Now, believe it or not, it’s not just deleted Reddit users and Disney princesses who have grappled with issues around self-improvement. Some philosophers have had a go, too. Aristotle is a very well-known example here. He believed that our purpose, as humans, is to exercise our rationality in accordance with the virtues, which is something we need to learn to do. If we manage to do that, we might hope to achieve eudaimonia, which tends to be translated as ‘happiness’ or ‘flourishing’ or ‘living well’. When we think about virtues these days, or about ethics more generally, it’s common to focus on how we treat other people, other beings, and perhaps also the world in general. Behaving ethically is about treating others well, being respectful, not causing harm, fulfilling our obligations towards others. We don’t tend to include ourselves in the remit of beings or things we need to treat well. Very roughly speaking, we tend to think that we act unethically when we avoidably cause suffering to another being, but we don’t do anything wrong when we cause ourselves to suffer. But Aristotle took a different view: he thought that as well as having duties and obligations to others, we also have duties and obligations to ourselves. He believed that we should be developing the virtues not merely because we owe it to other people, but because we owe it to ourselves. And we owe it to ourselves not in an instrumental way - as would be the case if, say, we needed to be virtuous because it’s better for other people to be dealing with a virtuous version of ourselves rather than a vicious one - but for its own sake. Eudaimonia is an end in itself.

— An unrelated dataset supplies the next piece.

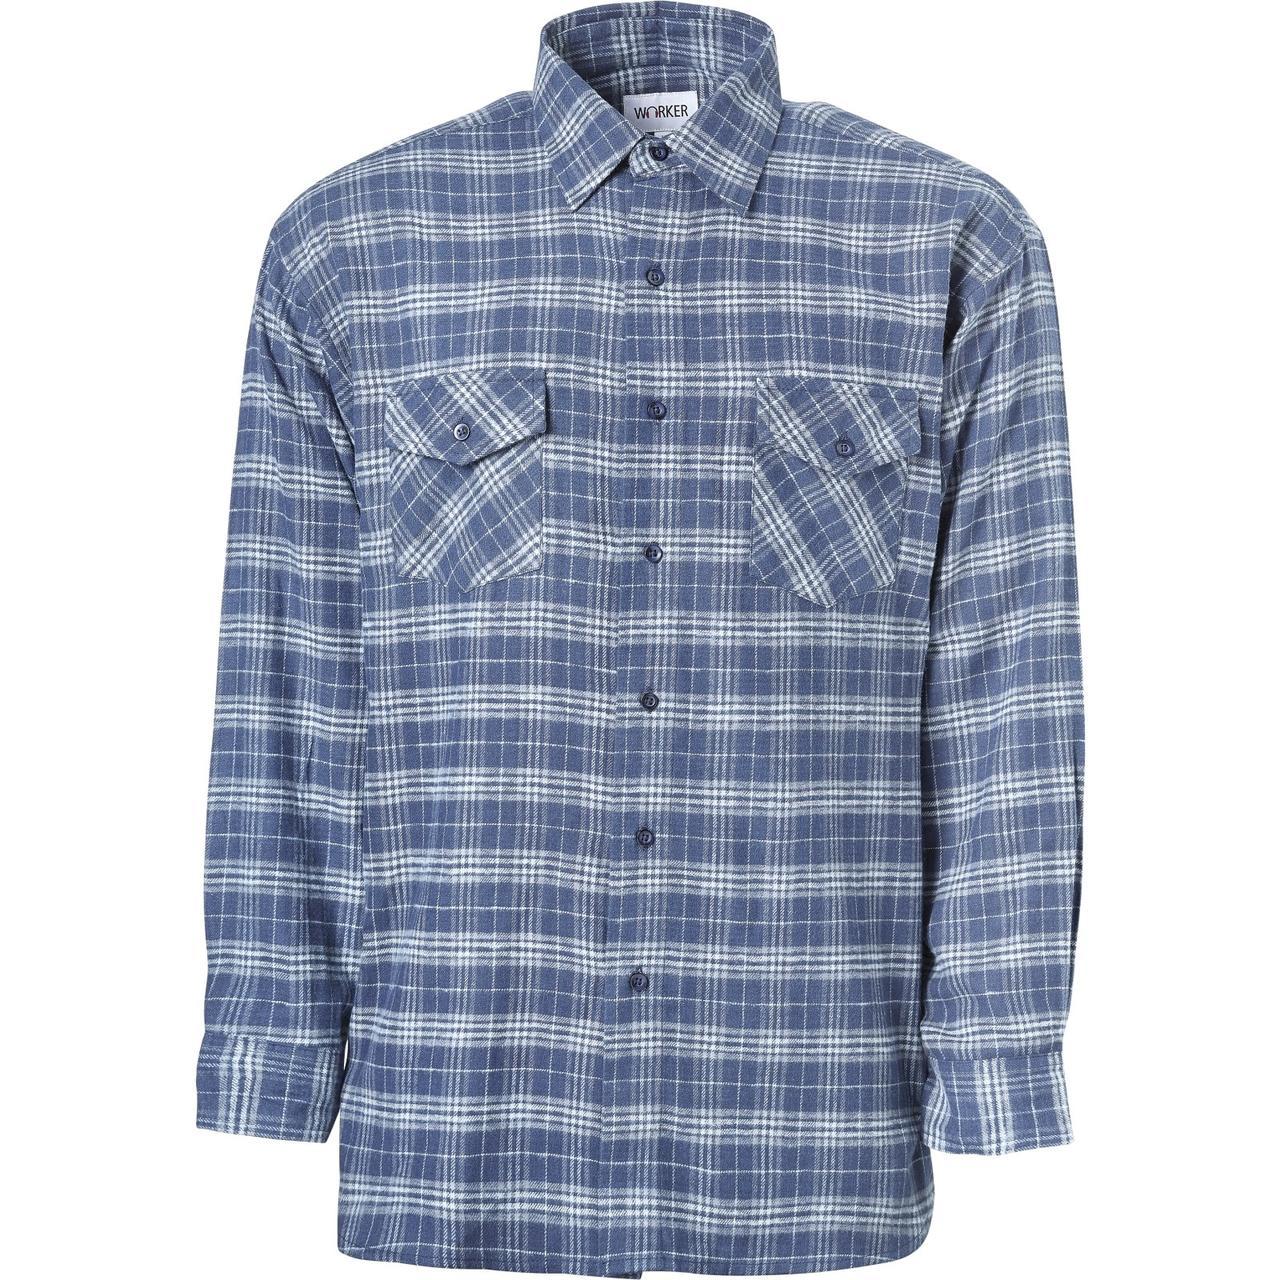 a4b28769d22 Купить Рубашку мужскую фланелевую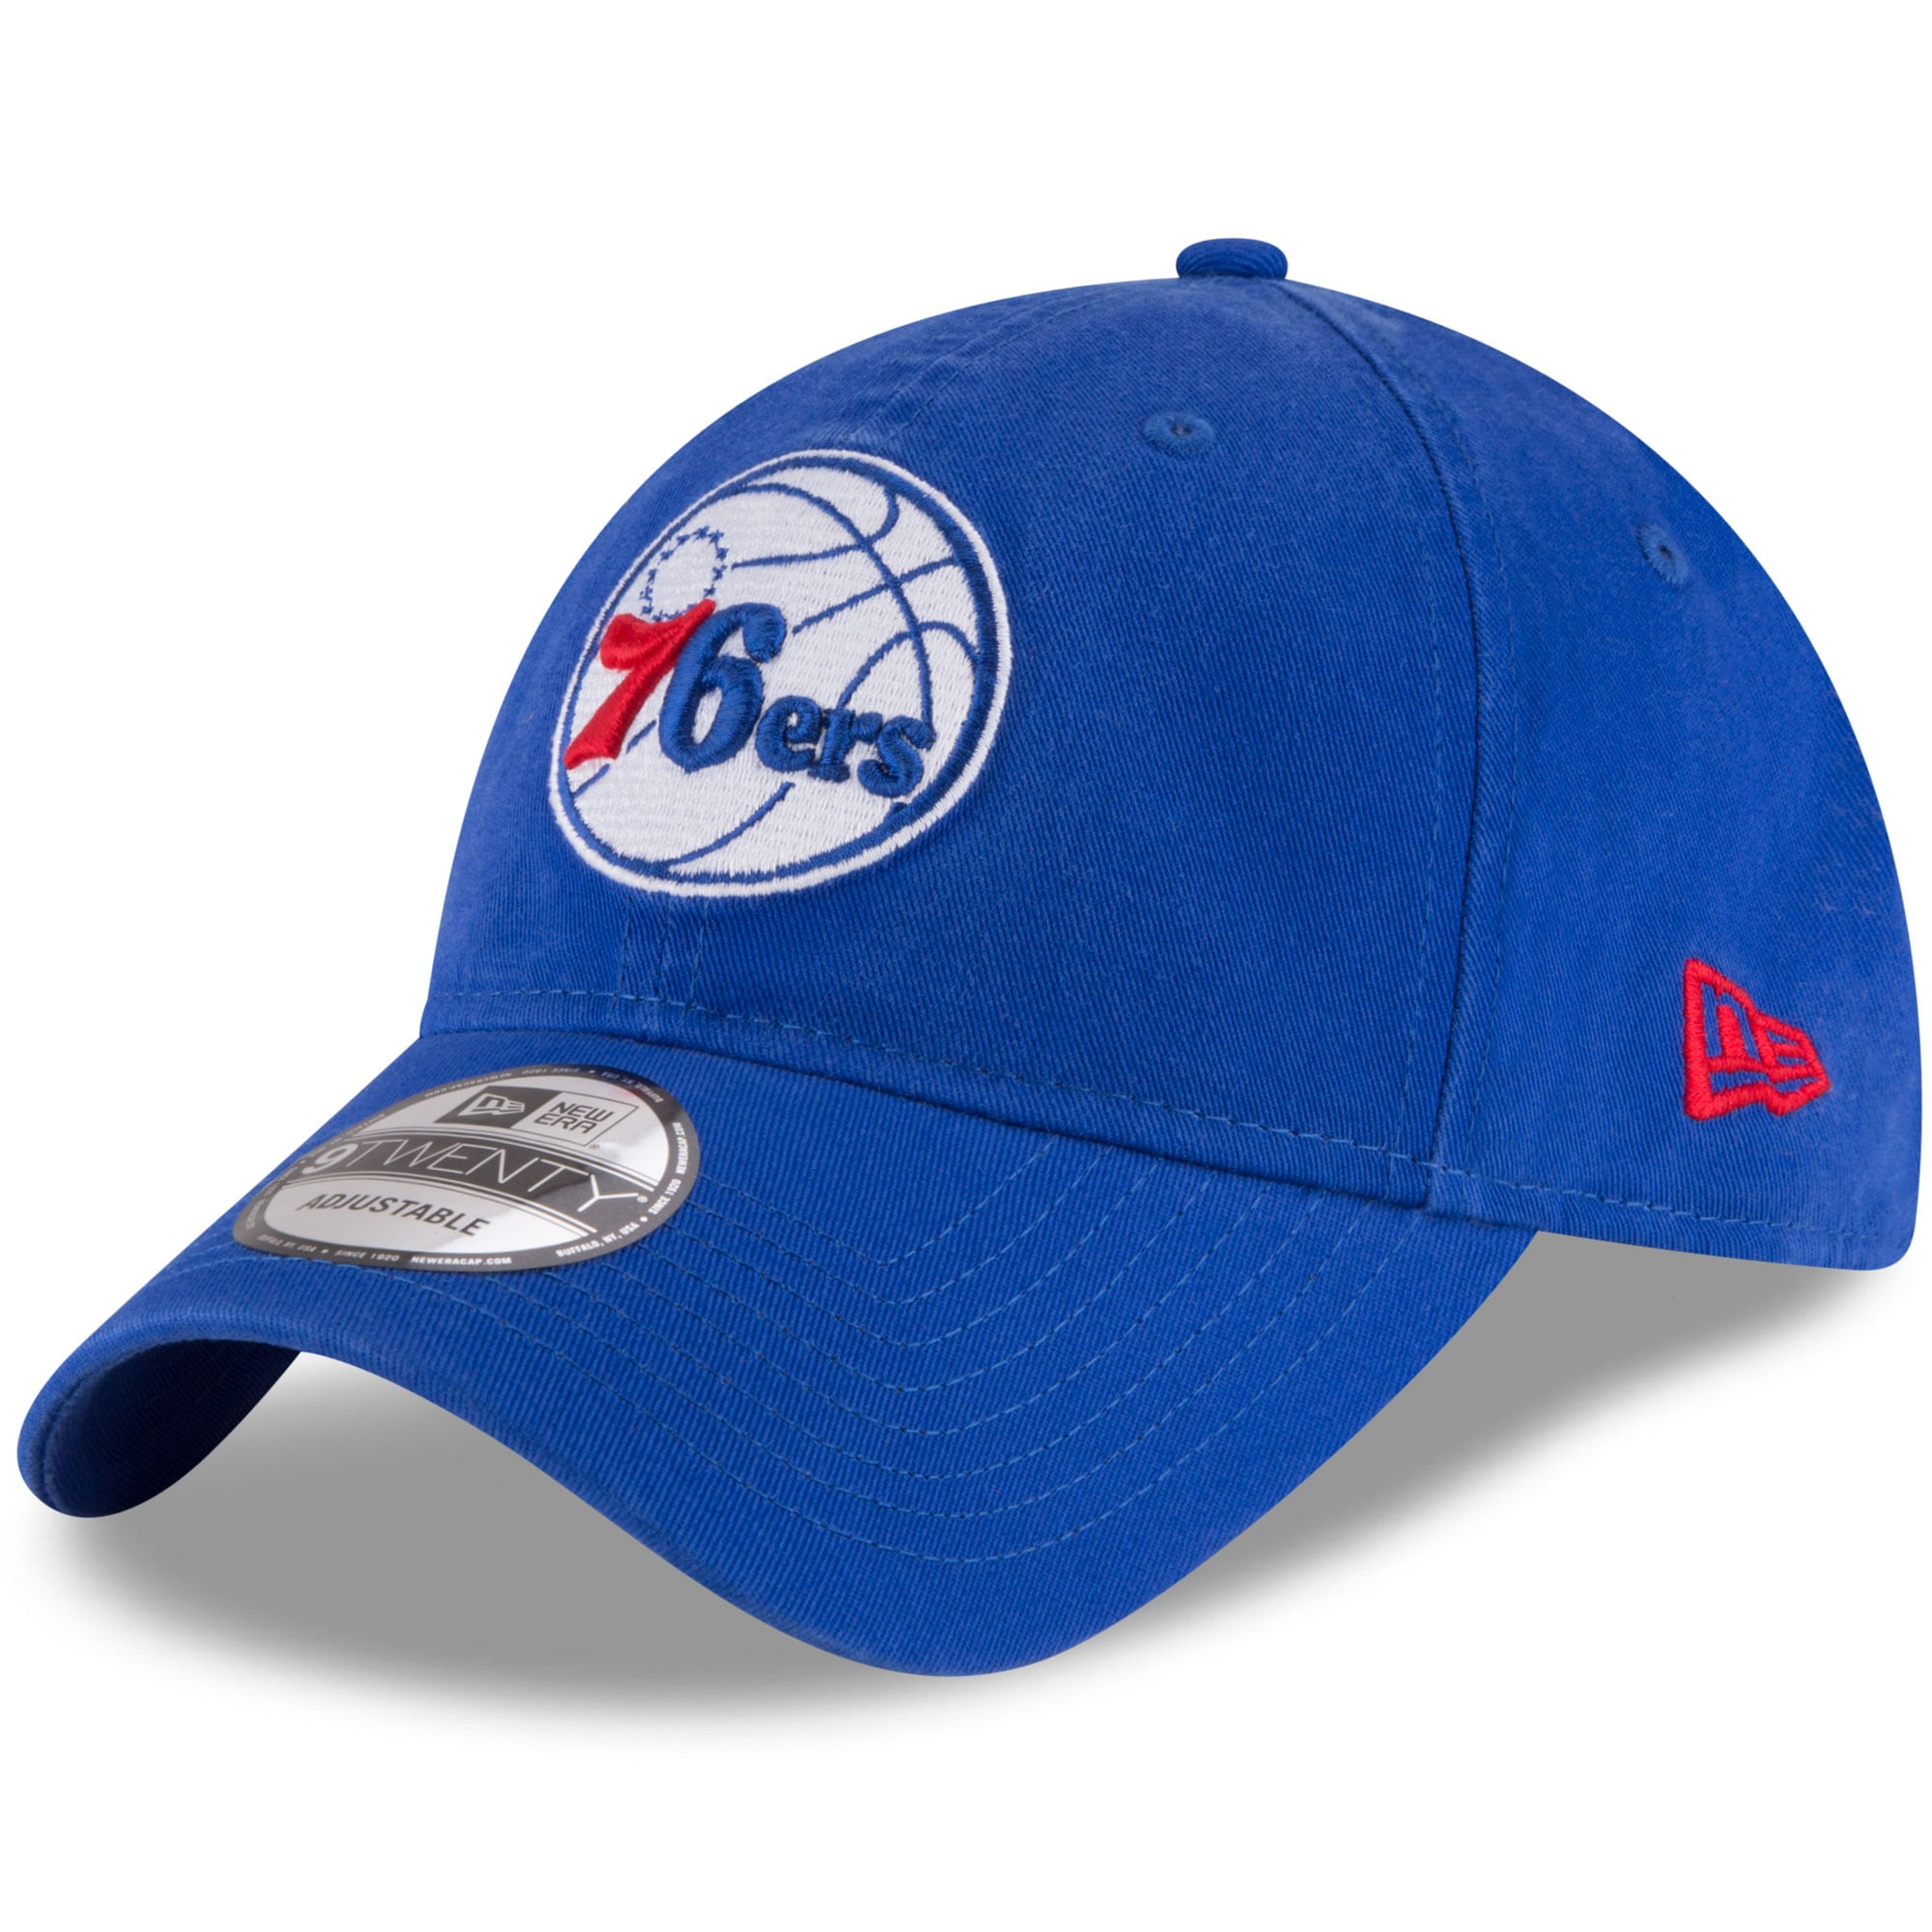 Philadelphia 76ers New Era Official Team Color 9TWENTY Adjustable Hat - Royal

I’m not going to go any further down this ‘duties to oneself’ road. The lesson I want to draw from these reflections is that, for Aristotle, developing the virtues - which is a form of self-improvement - is something we do, in large part, for ourselves. It’s not something we simply do to ourselves. To make this distinction a bit clearer, let me give you an analogy. Suppose you’ve been enjoying classes in baking, or yoga, or tennis, or learning a new language, or your choice of other worthwhile enrichment activity. Your instructor, as a gesture of thanks for your support, offers you the opportunity to gift some classes to someone in your life who hasn’t tried the activity before. You’re pondering who to choose to receive the classes. One possible recipient is your best friend, whom you love dearly, and who would - you’re sure - really enjoy the classes and find them enriching. Alternatively, you could gift the classes to someone in your circle who you very much dislike. This person, who is, in your view, defective in all sorts of ways, would be fractionally less dreadful if they at least learned to bake, or do yoga, or play tennis, or speak Spanish. Would they actually enjoy the classes and feel enriched by them? Jeez, who cares. That question hadn’t even occurred to you. It’s not the point.
The difference I want to focus on here is that by gifting the classes to your best friend, you offer them an opportunity of self-improvement which is not predicated on rejection. You already love them. You don’t view them as defective. They’re completely acceptable just as they are - your reason for considering them for the gift is simply that you think they’d enjoy the classes and find them enriching. You’re viewing the classes as something for them. By contrast, gifting the classes to that person you dislike is predicated on rejection. You’re viewing the gift as a kind of cosmetic surgery for their personality. You don’t care whether or not they’d value the gift - it would make them a slightly more acceptable person. It would be an unkind sort of gift, if it can be called a gift at all. The classes aren’t for them; they’re something you think needs to be done to them.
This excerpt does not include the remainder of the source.